Always use the slow flow setting for 500 ml or below. It gives the best extraction. If you are brewing over 500 ml, then use the faster flow setting.

I never alter my grind. It's medium-coarse, but no where near as coarse as for a plunger. I have had my Technivorm for over a year and would say the best tip to pass on is to go with its simplicity of operation. It heats the water to the right temperature and will give you brilliant coffee time after time if you use good beans. I went through a stage of stirring, mixing and general tweaking (ok - faffing) and it makes very little difference. The brilliance of the machine is the uncomplicated operation and the fact it's so well built.

Get your grind right and the rest will follow.


----------



## Mike mc (Apr 10, 2012)

gmason said:


> Always use the slow flow setting for 500 ml or below. It gives the best extraction. If you are brewing over 500 ml, then use the faster flow setting.
> 
> I never alter my grind. It's medium-coarse, but no where near as coarse as for a plunger. I have had my Technivorm for over a year and would say the best tip to pass on is to go with its simplicity of operation. It heats the water to the right temperature and will give you brilliant coffee time after time if you use good beans. I went through a stage of stirring, mixing and general tweaking (ok - faffing) and it makes very little difference. The brilliance of the machine is the uncomplicated operation and the fact it's so well built.
> 
> Get your grind right and the rest will follow.

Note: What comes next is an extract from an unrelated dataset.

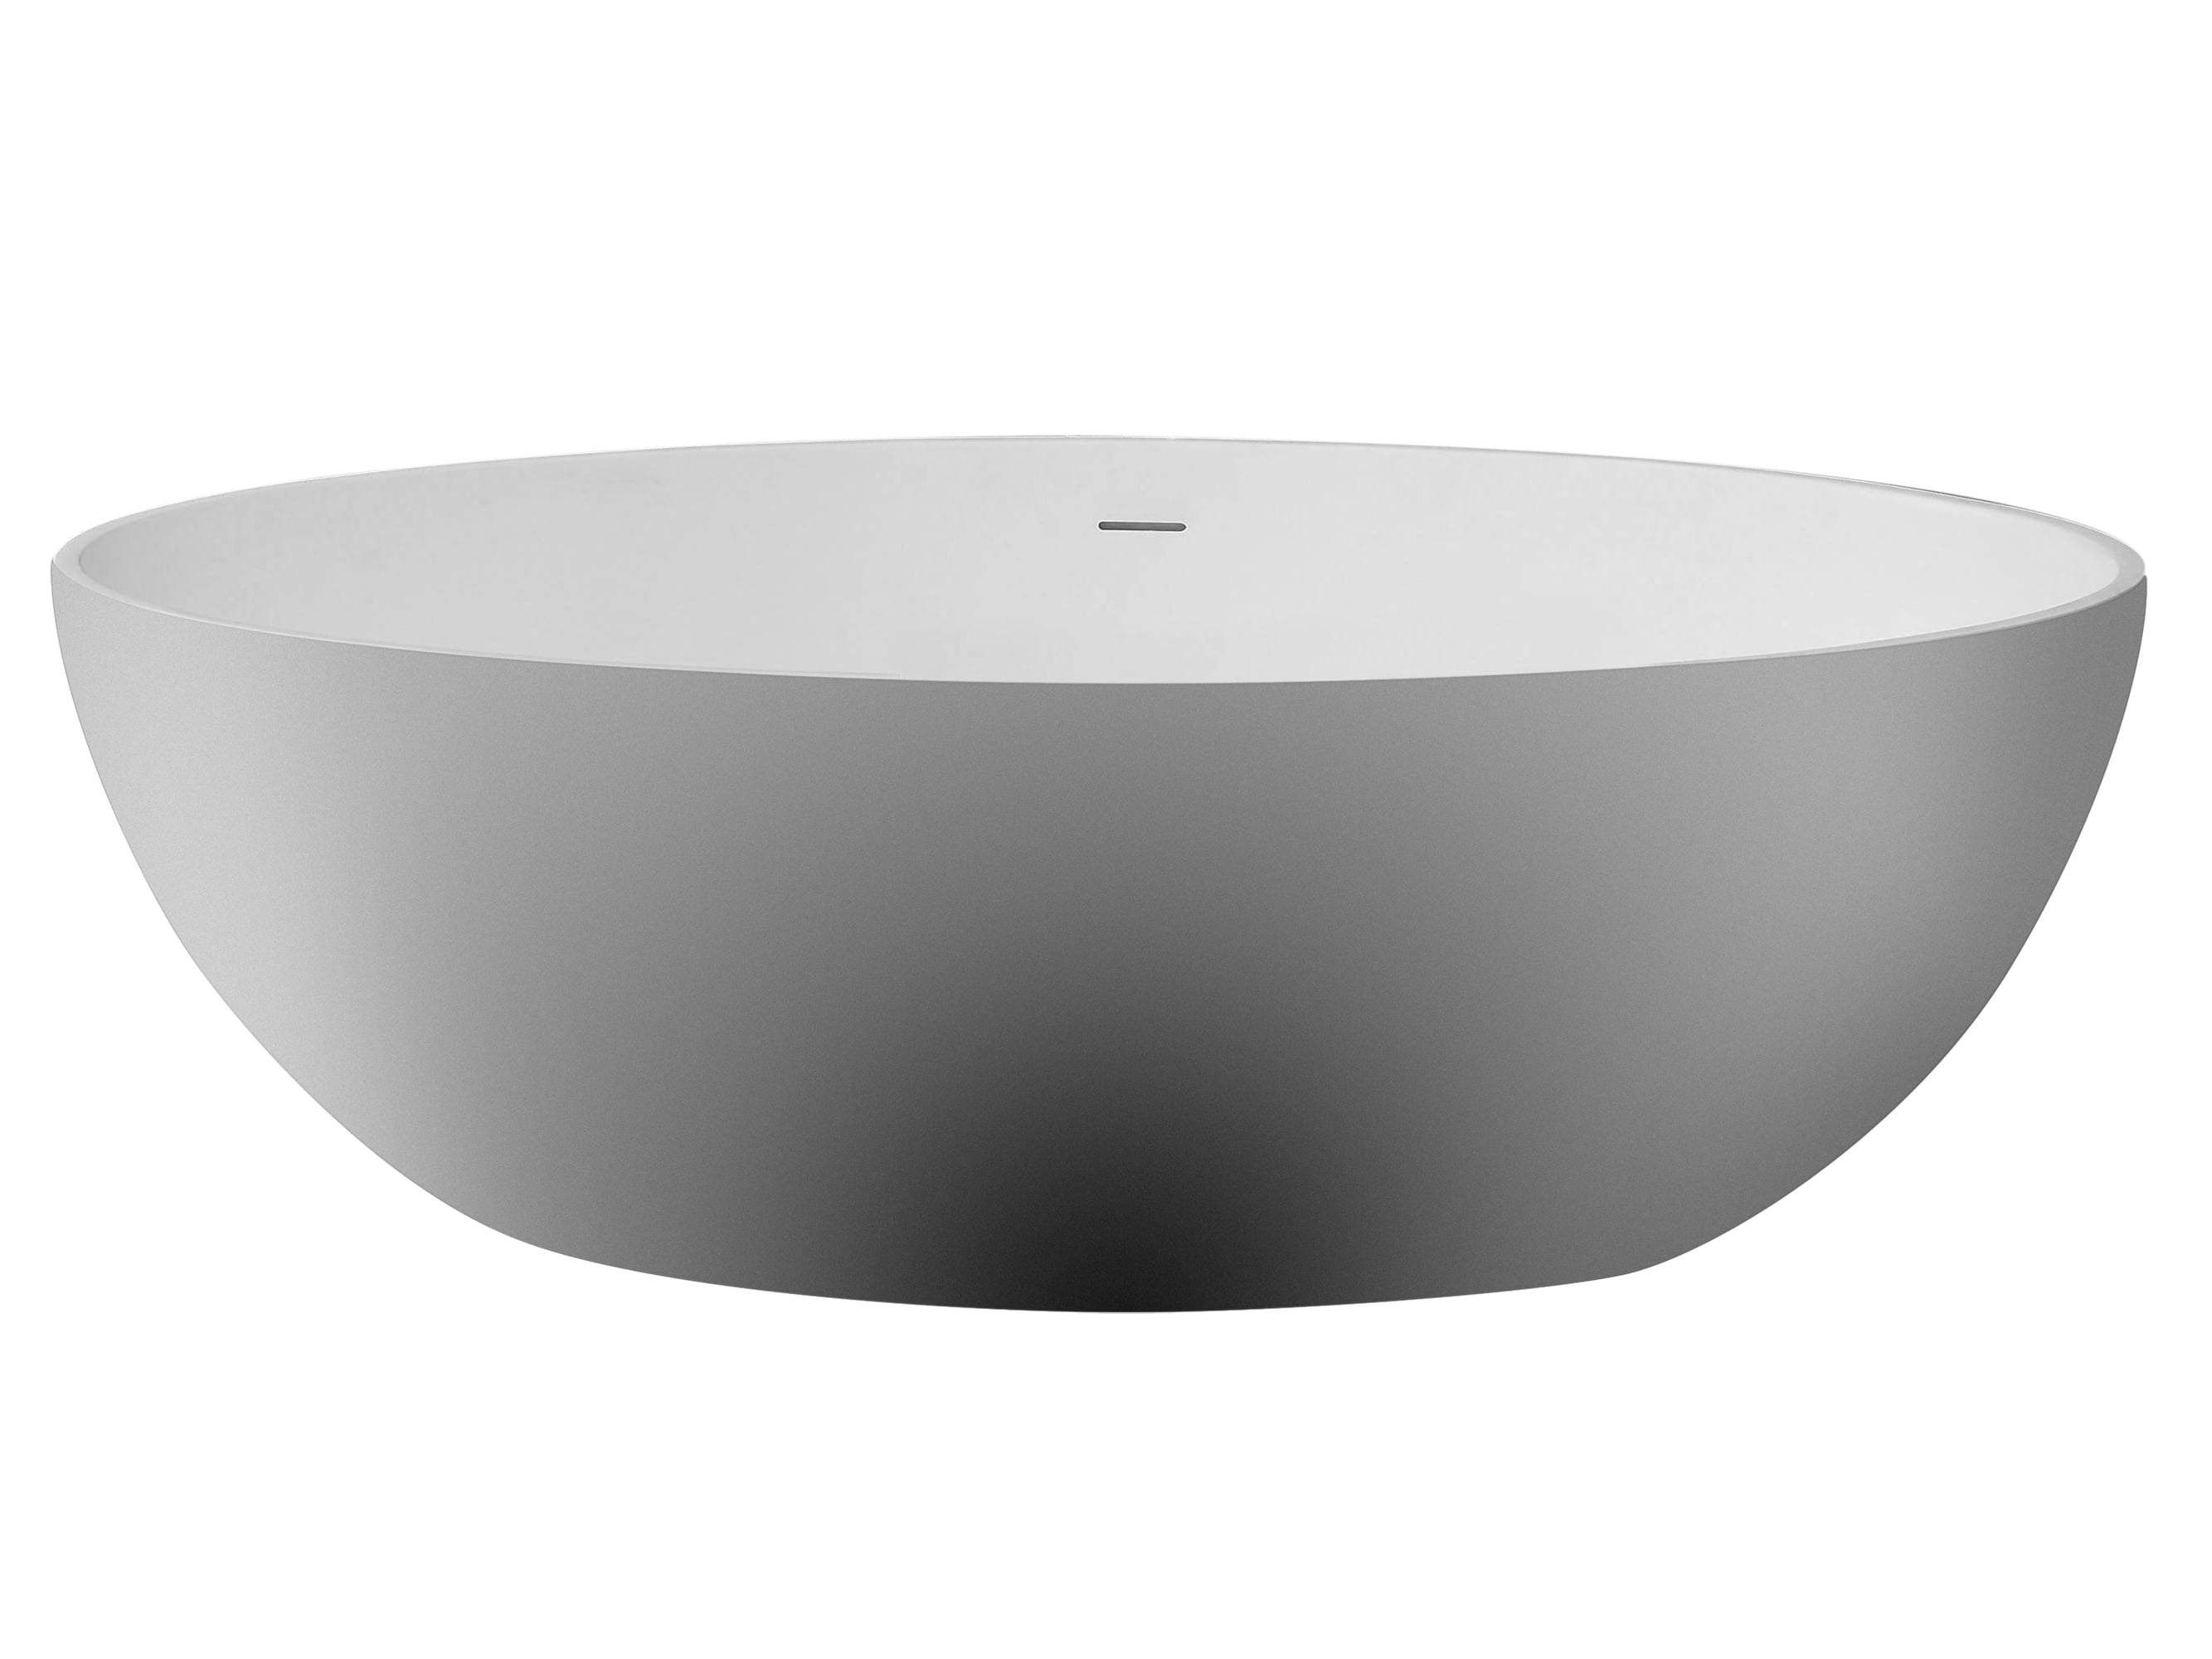 Ab9941 67 In. White Oval Solid Surface Smooth Resin Soaking Bathtub

It is a great bit of kit and I have noticed the coffee tastes much cleaner than the French press.i was following a guide I found online that had a picture of the recommended grind size.which is far too coarse as it has been finishing dripping after approx 2 mins.thanks very much for the info.i have also been using one of the swiss gold filters I purchased from coffee chap


----------



## Glenn (Jun 14, 2008)

The Swiss Gold filters are so much easier than using Paper


----------



## Mrboots2u (May 10, 2013)

Glenn said:


> The Swiss Gold filters are so much easier than using Paper


Yep I've got a gold filter for my old school mocca at work . It's easy to clean and reuse.


----------



## gmason (Aug 9, 2012)

Agree. The gold filters let the oils pass into the cup and you will taste the distinct subtilities of each coffee. I found I had to rinse paper filters before using whereas you will not have that problem with the gold.


----------



## Earlepap (Jan 8, 2012)

I'm tempted to get a gold filter for mine. Do they let any fines through?

As for method, I've had mine for a month or two now and am very pleased with it. I always use light roast. I make 700-800ml at a time on the slower drip setting. I don't cut the flow for any length of time or stir etc. I got it for minimum faff; if I wanted to arse around I'd use my chemex. 58g /L seems to taste just as good as 60g, helps bump up the extraction and obviously saves on a few beans. When making as low as 500ml I've found the grind needs to be a lot finer, or I've had some success with leaving the grind, stopping the flow and stirring, but the faff...


----------



## Earlepap (Jan 8, 2012)

The Technivorm need not be the death of your other beloved thingies thanks to its rotating water dispenser.

I give you the Aero-Vorm:


----------



## MWJB (Feb 28, 2012)

Roll on the "Clever-Fr-Aero-Vorm-alator"


----------